Just as creatine is vital for explosive athletes, carbohydrates are vital for all, especially for endurance-dominant athletes. To achieve peak athletic performance you must not neglect them. Carbs are the body’s preferred fuel source. Carbs can help explosive athletes maximize their performance by having enough fuel sources to repeat explosive bouts over the course of a training session or game.
For endurance athletes like cross country runners and triathletes, carbohydrates can greatly improve how long one can go before reaching exhaustion. Even though these athletes compete for hours at a time, they still are competing to be the fastest to finish which means they must have the energy for more explosive bursts like cycling hills in the Tour de France or an all out sprint for a marathoner when the finish line is in site.
Another supplement that you’ll see people on extremes of the spectrum include stimulants like pre workouts. Stimulants are the umbrella category for anything that contains ingredients such as caffeine, beta alanine, or nitrous oxides. Again, most people either live off of these products or shame them to death. Positives of stimulants include increase alertness and energy, which can provide a positive impact on athletic performance. However, the increased alertness and energy can result in restlessness and poor sleep quality when these products are over consumed.
When: Creatine is not something that creates super human levels of strength. Sure, the placebo effect is real, but the small benefits of creatine probably won’t be seen until it is used consistently for multiple months at a time.
Carbohydrate supplementation such as Gatorade and Powerade are great intra or during training or competition for most athletes. These products are higher on the glycemic index; they are absorbed and can be used very quickly as an effective energy source.

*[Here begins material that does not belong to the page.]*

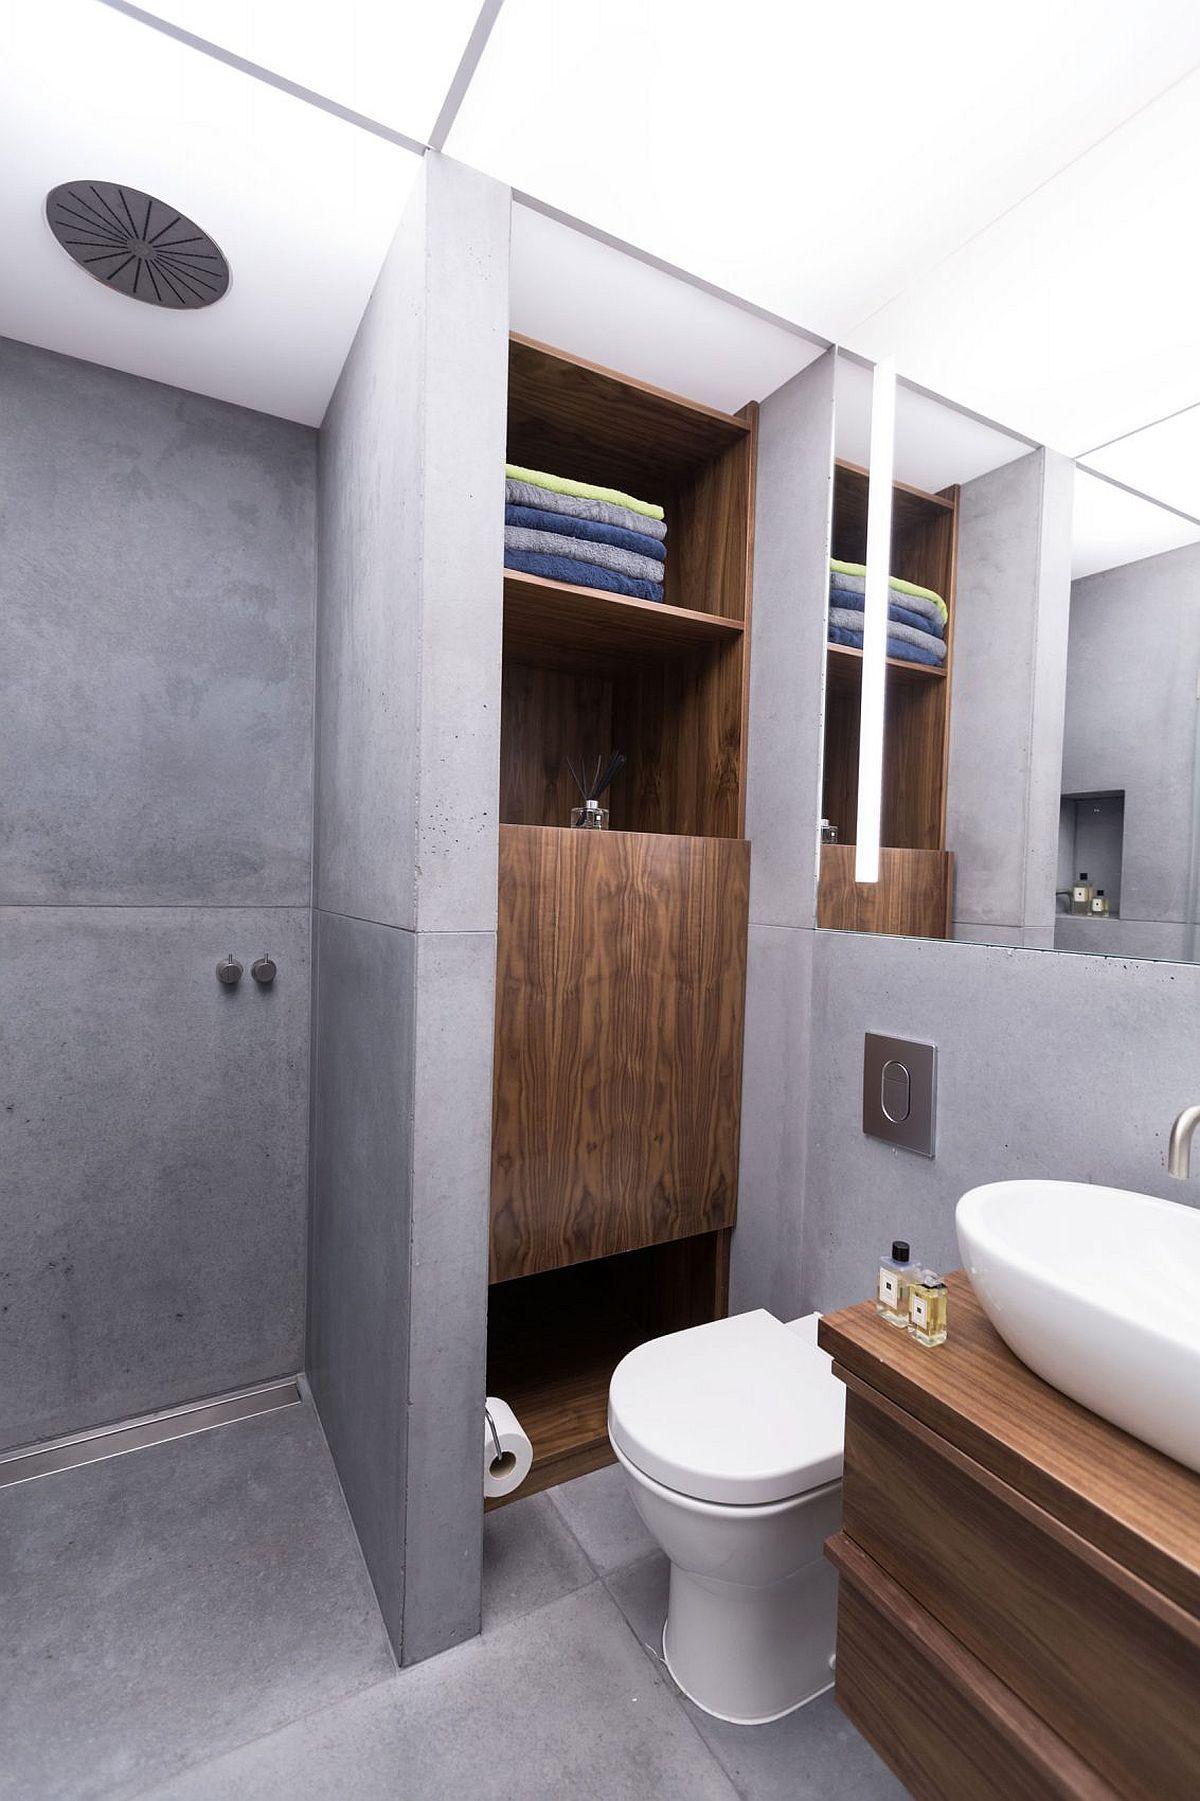 Small bathroom storage and display idea

Stimulants should be used strategically to get maximum benefits. A stimulant prior to competition or training is ideal. Negative effects of stimulants can be decreased sleep quality as well as suppression of ones appetite which, if affected, will be more negative for the athlete in the long run. Time your use accordingly.
Reason #3: Increase Overall Health
I will speak on this category the least for the simple reason that every individual is different. This is a conversation for you and your doctor or dietitian.

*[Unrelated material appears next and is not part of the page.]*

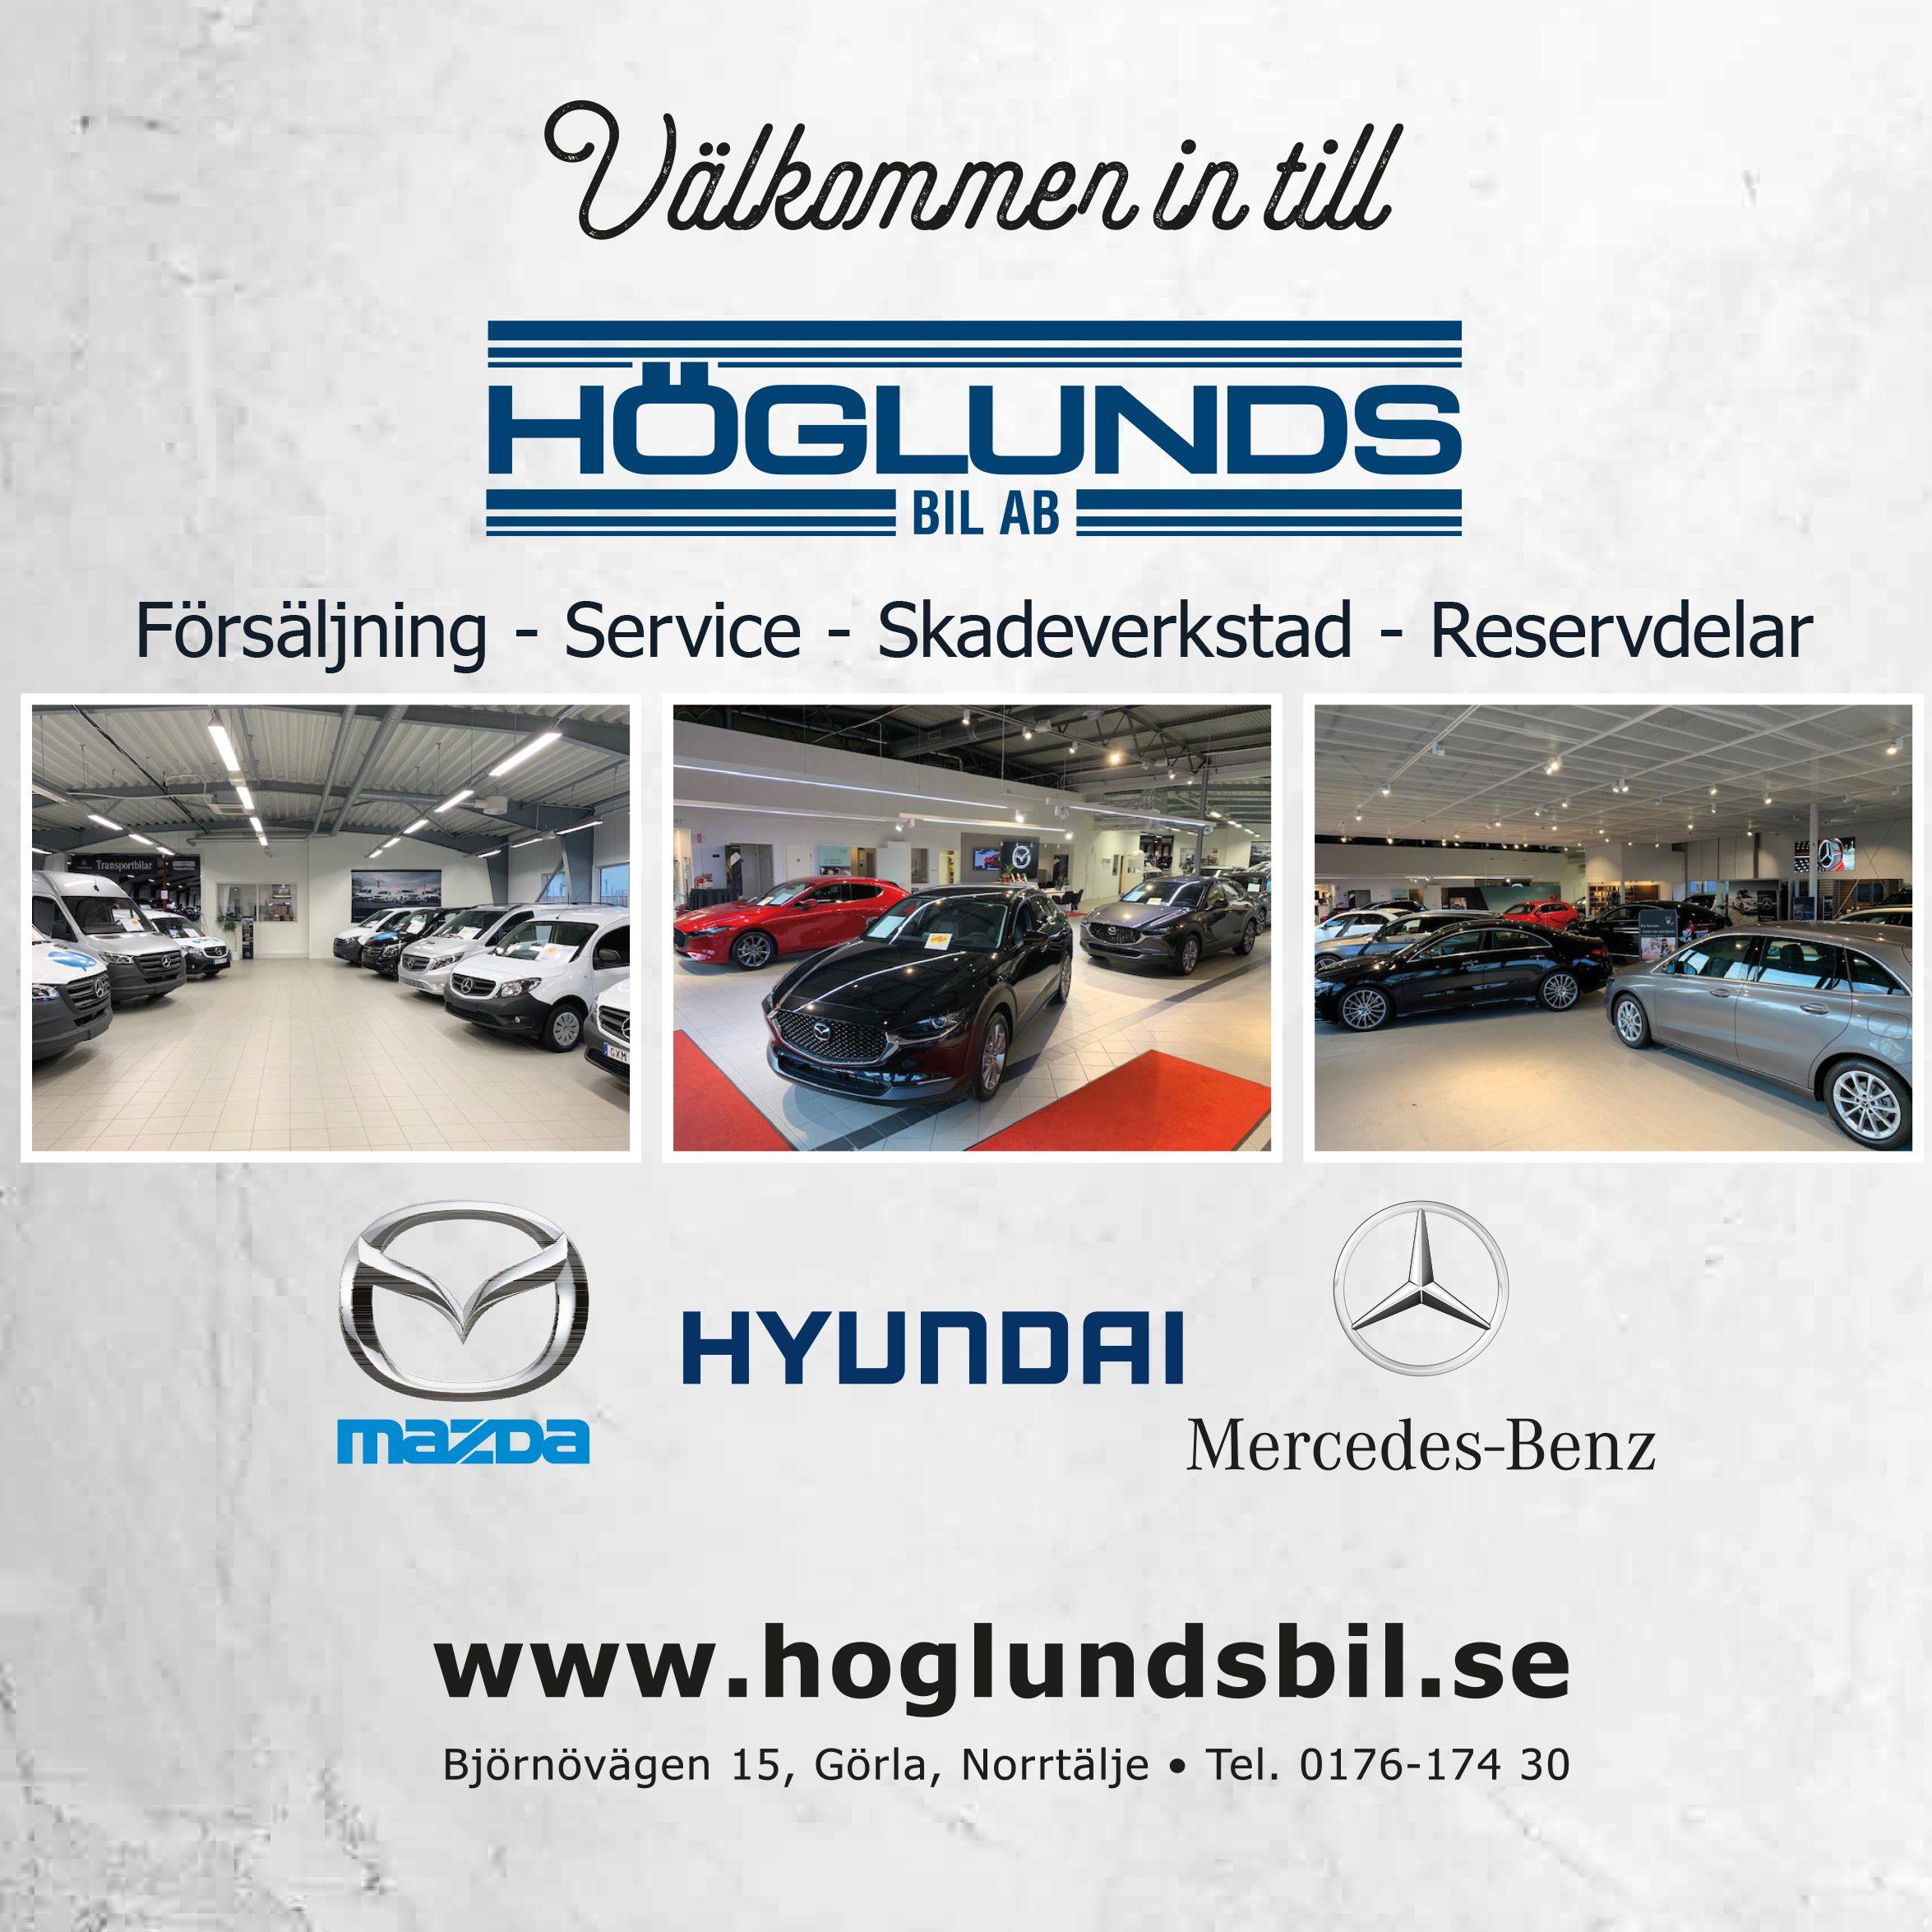 Hoglunds_2021_2

Overall health is a balancing act. Most people think that certain vitamins and minerals are either good or bad. This is simply not true. For example, vitamin D provides many positives for ones health such as strong bones and increased resistance against certain diseases. Most of the population is deficient and should consume or supplement it, but over consumption can lead to a host of negative affects such nausea, vomiting, and poor appetite. Vitamin D can be consumed through natural means from dairy products and exposure to the sun. Certain regions of the world don’t provide access to as much exposure to sunlight or dairy, therefore supplementing would be a wise choice.

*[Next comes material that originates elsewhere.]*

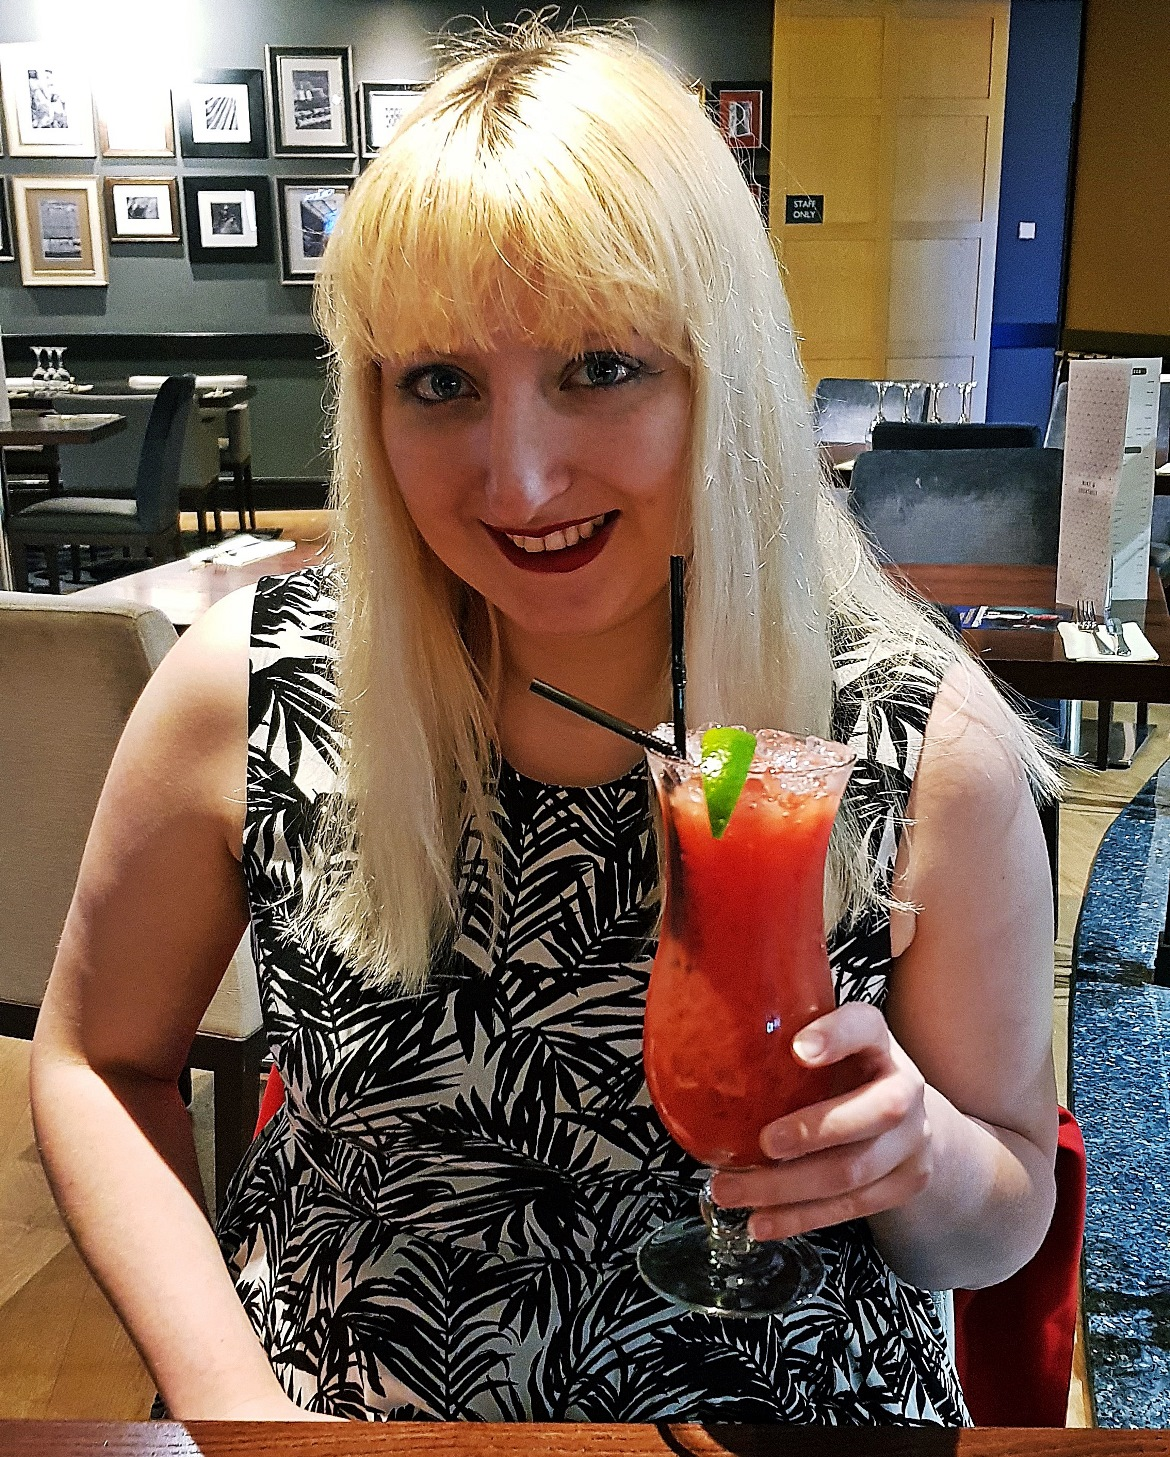 Strawberry daiquiri - Grosvenor Casino Leeds review by BeckyBecky Blogs

In conclusion, we must understand that at the end of the day supplementation is not necessary. The definition of supplementation is “something that completes or enhances something else when added to it.”
Protein, creatine, carbohydrates, and vitamin D can all be sufficiently consumed through a well-balanced diet. Improved energy and alertness from stimulants will never be as effective as getting adequate amounts of sleep, nutrition, and hydration in your daily life. Therefore, understand that supplementation has its place for the athlete and every day person. Take care of the big pieces of the puzzle when it comes to athletic performance and health and use supplementation accordingly when needed.